Так что все обернулось к лучшему. Бог обмана ожидал, что в какой-то момент ему надоест сидеть взаперти, но это произойдет потом, а пока он намеревался наслаждаться собой.
Он налил себе кувшин лучшего меда, уселся в любимое кресло и велел магическому бассейну показать ему события недавнего прошлого, в частности начало драки Тора с Хрунгниром.
Все началось с бахвальства его сводного братца, после чего Тор взмахнул молотом и устремился навстречу гиганту:
– Тогда вставай скорее в круг, Хрунгнир, ибо я должен победить тебя! Никто не смеет угрожать матери всего Асгарда, не заплатив за свои поступки, и не сомневайся, что за твои действия я стребую с тебя самую высокую цену! За Асгард! За Одина! И, прежде всего, за Фриггу!
Локи едва не захихикал, увидев, как Тор врезался в Хрунгнира и жестко упал на холодную землю, в то время как сам великан даже не покачнулся.
О, это выражение лица у Тора! Даже лучше чем то, которое у него появилось, когда Мьёльнир не вернулся к нему в руку во время драки с троллями.
«Это что еще за колдовство?», – воскликнул Тор, и Локи от души расхохотался.
– Это мое колдовство, дражайший братец. Это мое колдовство оставило тебя потрепанным и избитым.
Локи собирался было пересмотреть этот момент, когда расставленные вокруг дома чары предупредили его о чьем-то приближении. А когда Обманщик почувствовал идущую от этого кого-то силу, он понял, что его ждет визит крайне нежелательного посетителя.
Быстрого заклинания хватило, чтобы сменить ночное платье на привычное зеленое одеяние, и вот уже Локи встречает Одина в дверях.
– Так, так, так!
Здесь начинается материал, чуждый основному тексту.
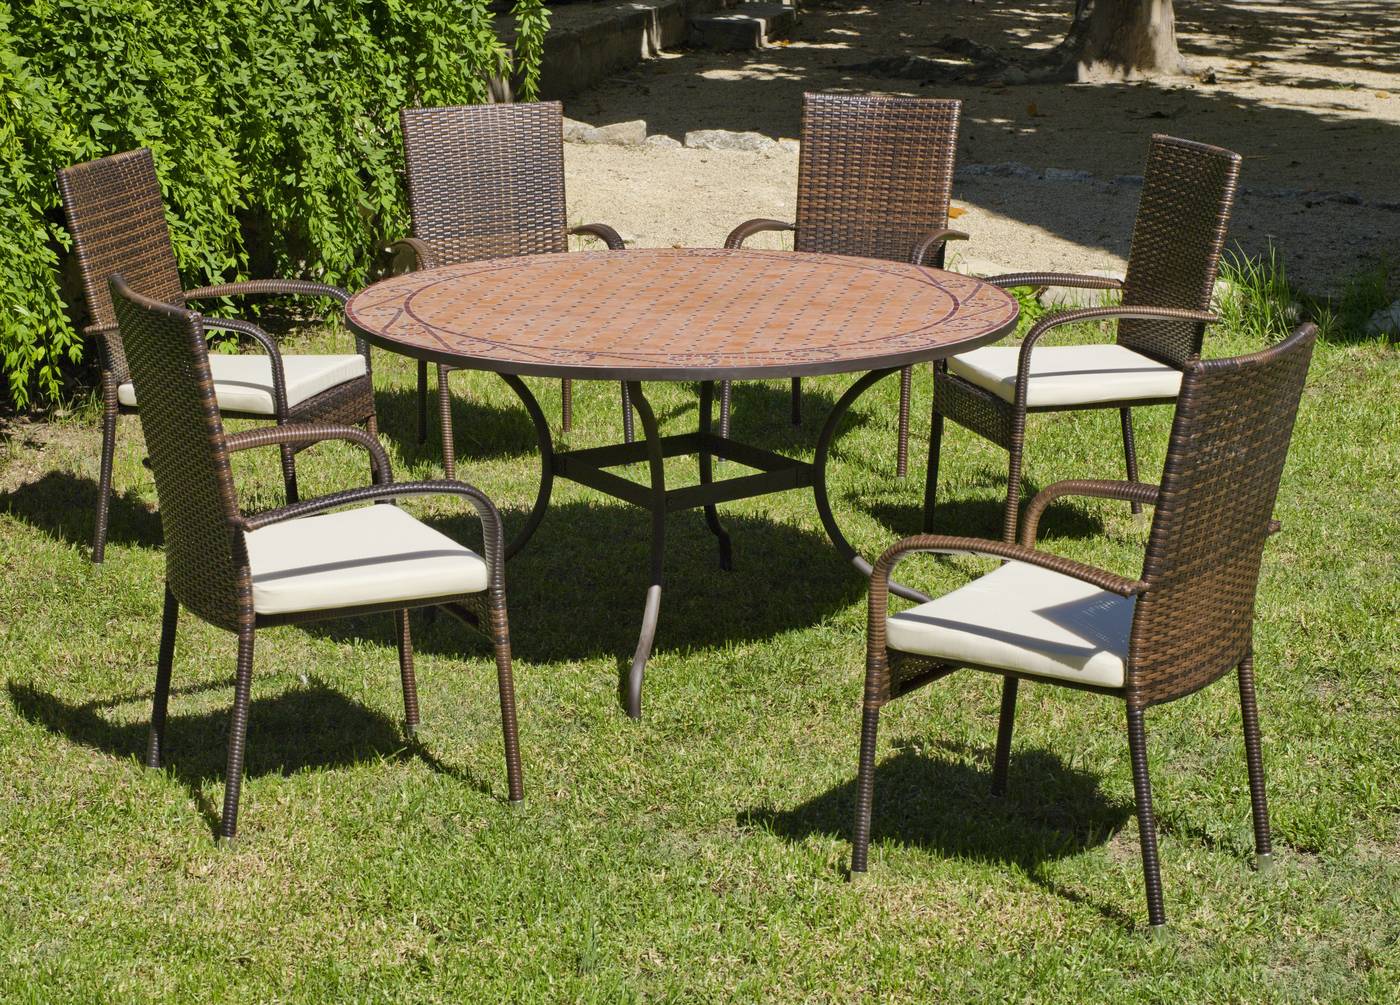 Conjunto de forja para jardín: 1 mesa con panel mosaico 140 cm. + 6 sillones de ratán sintético + 6 cojines

Должен сказать, это большой сюрприз. К счастью для меня, духи успели прибраться.
– Локи, – произнес Один непривычно тихим голосом. – Я хочу поговорить с тобой.
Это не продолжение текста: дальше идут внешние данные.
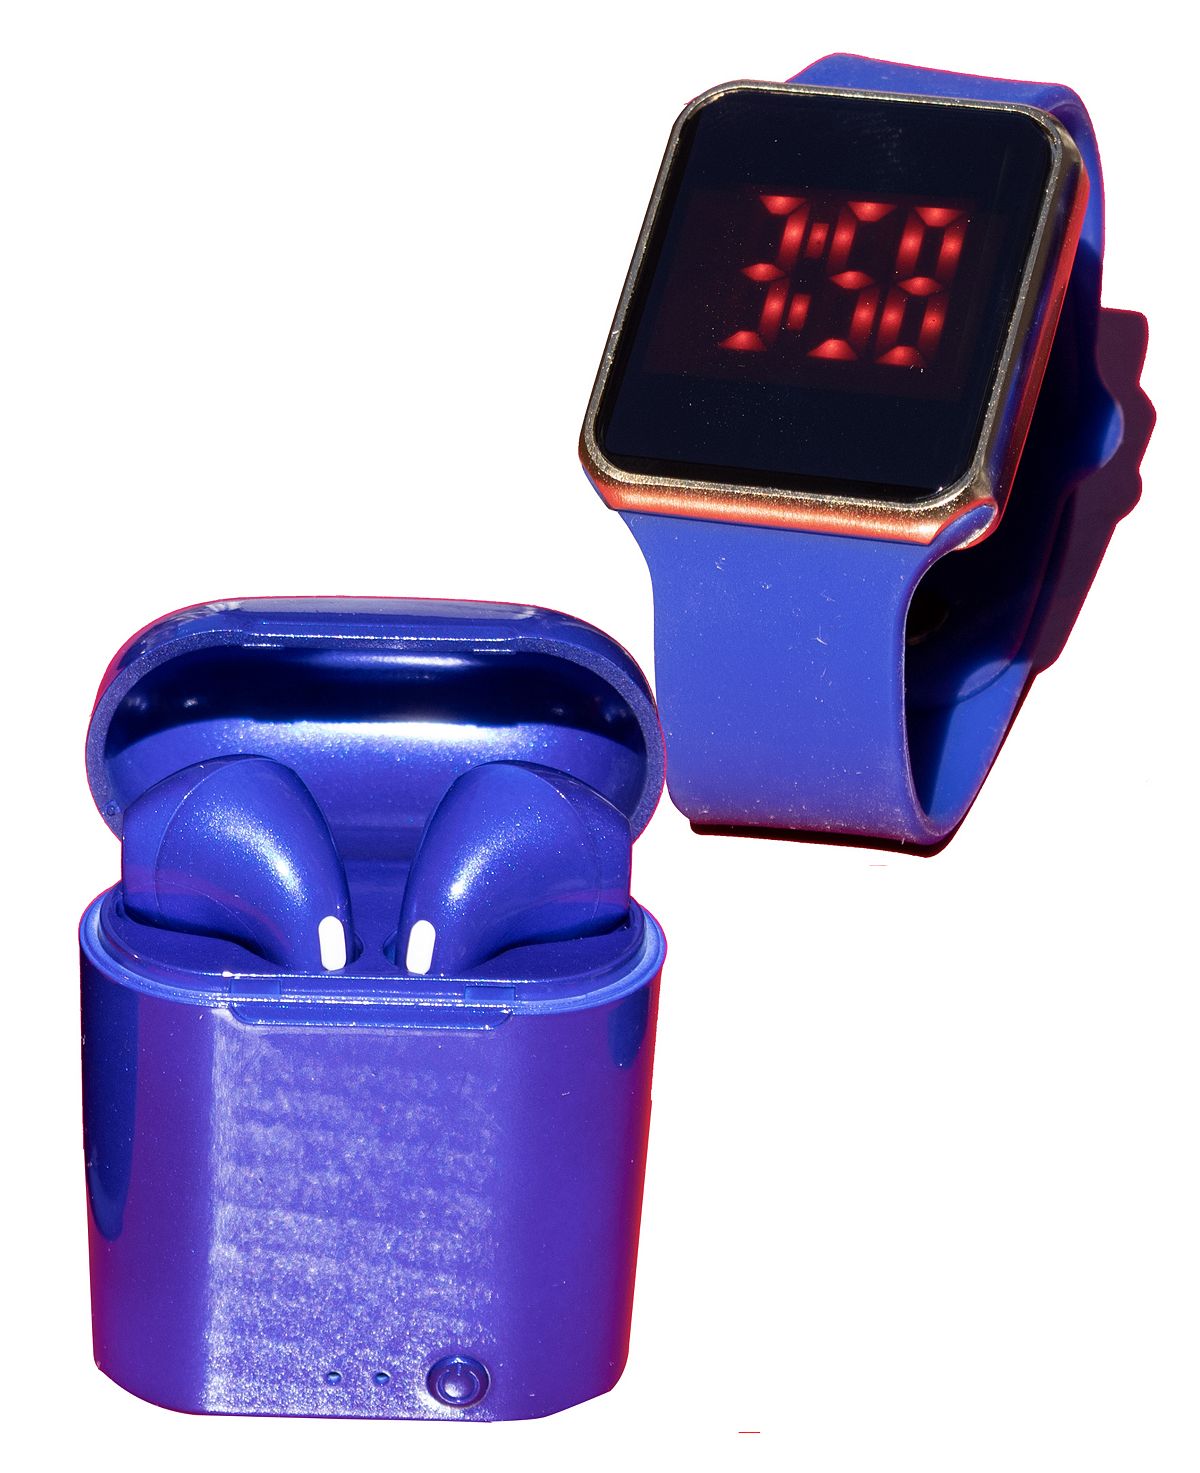 Унисекс светодиодные сенсорные часы и беспроводные наушники с портативным чехлом для зарядки Ztech набор watch

– В моем доме? Что ж... это странно. Обычно ты призываешь подданных к своему трону. Довольно разумный метод, должен сказать, так как ты общаешься со всеми на своих условиях. В конце концов, кто посмеет бросить вызов Одину в его месте силы? Твой высокий трон дает тебе дополнительное преимущество на твоей же территории.
Один принялся мерить шагами гостиную, избегая смотреть на Локи.
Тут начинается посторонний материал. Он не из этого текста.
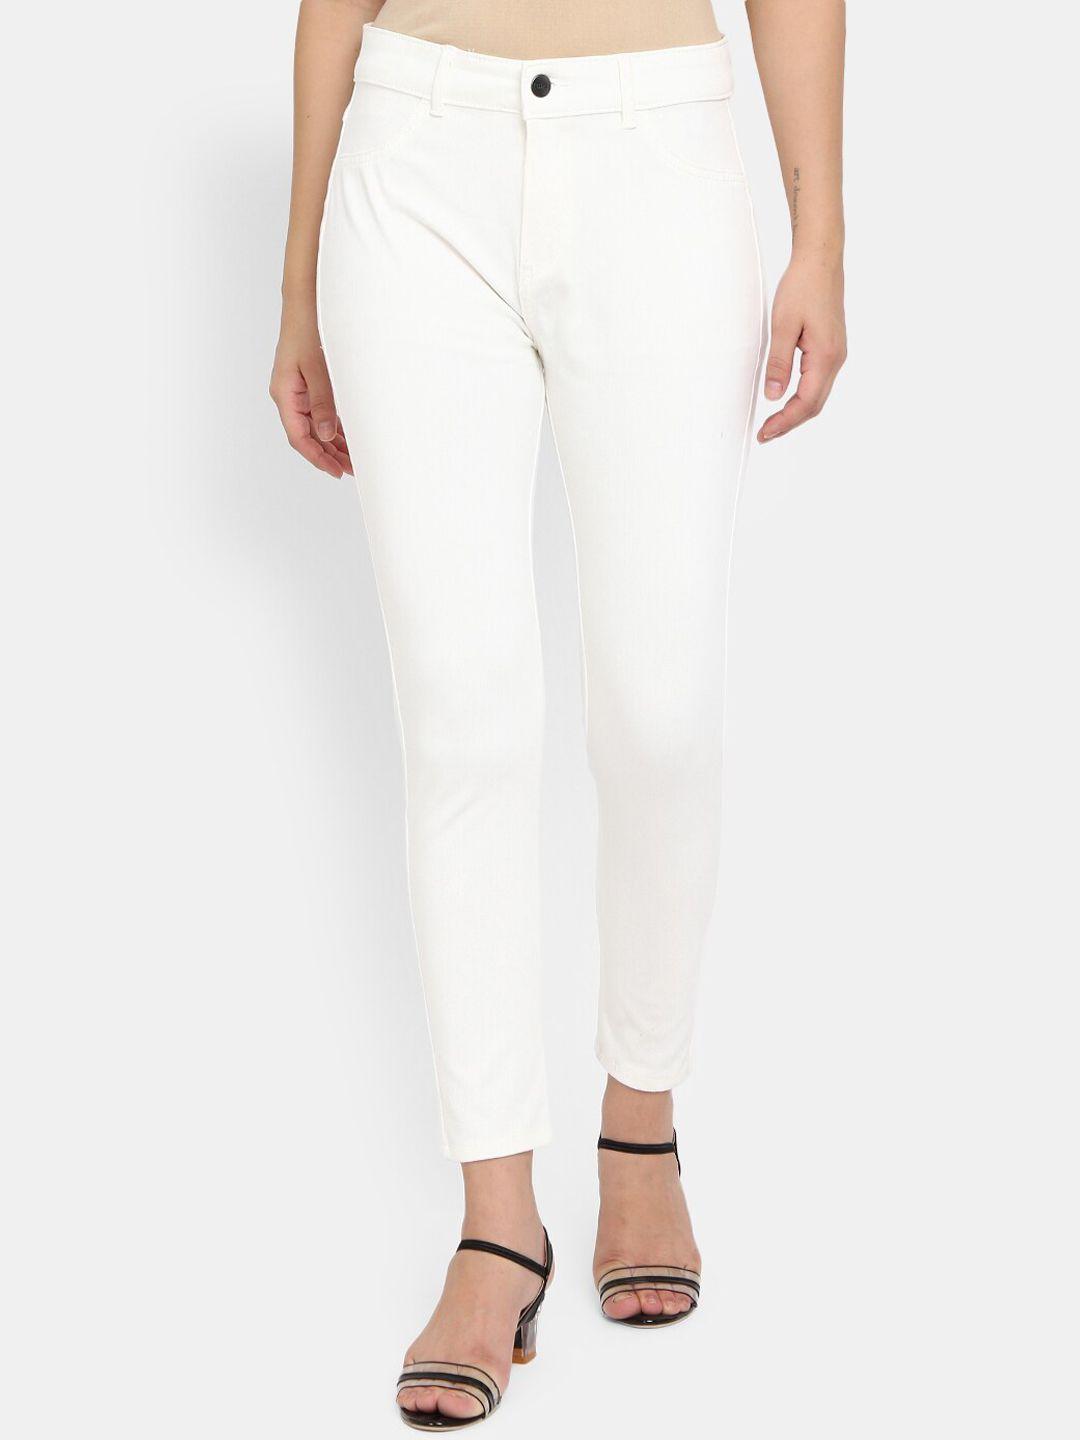 v-mart women white trousers

– Я пришел сюда по двум причинам. Первая связана банально с соблюдением закона. Тебе запрещено покидать собственный дом, и если бы я вызвал тебя в свой тронный зал, то заставил бы тебя нарушить условия домашнего ареста. Я не могу позволить себе нести ответственность за это.
Локи не видел в этом проблемы, тем более что и наказание ему назначил сам Один. Какая разница, если он и нарушит его условия? Но вслух он произнес только:
– А вторая причина?
– Я не только правитель Всевечного царства, но и твой отец.
– И что же мой приемный отец хочет мне сказать?
Проигнорировав укол, Один сказал:
– Я обеспокоен. Едва ли ты можешь быть доволен условиями своего домашнего ареста. Локи наиболее счастлив, когда творит свои мелкие делишки на свободе.
– Напротив, я совсем не скучаю по своим мелким делишкам. Меня печалят мои сложные замыслы, которые я не в состоянии завершить во время утомительного заточения.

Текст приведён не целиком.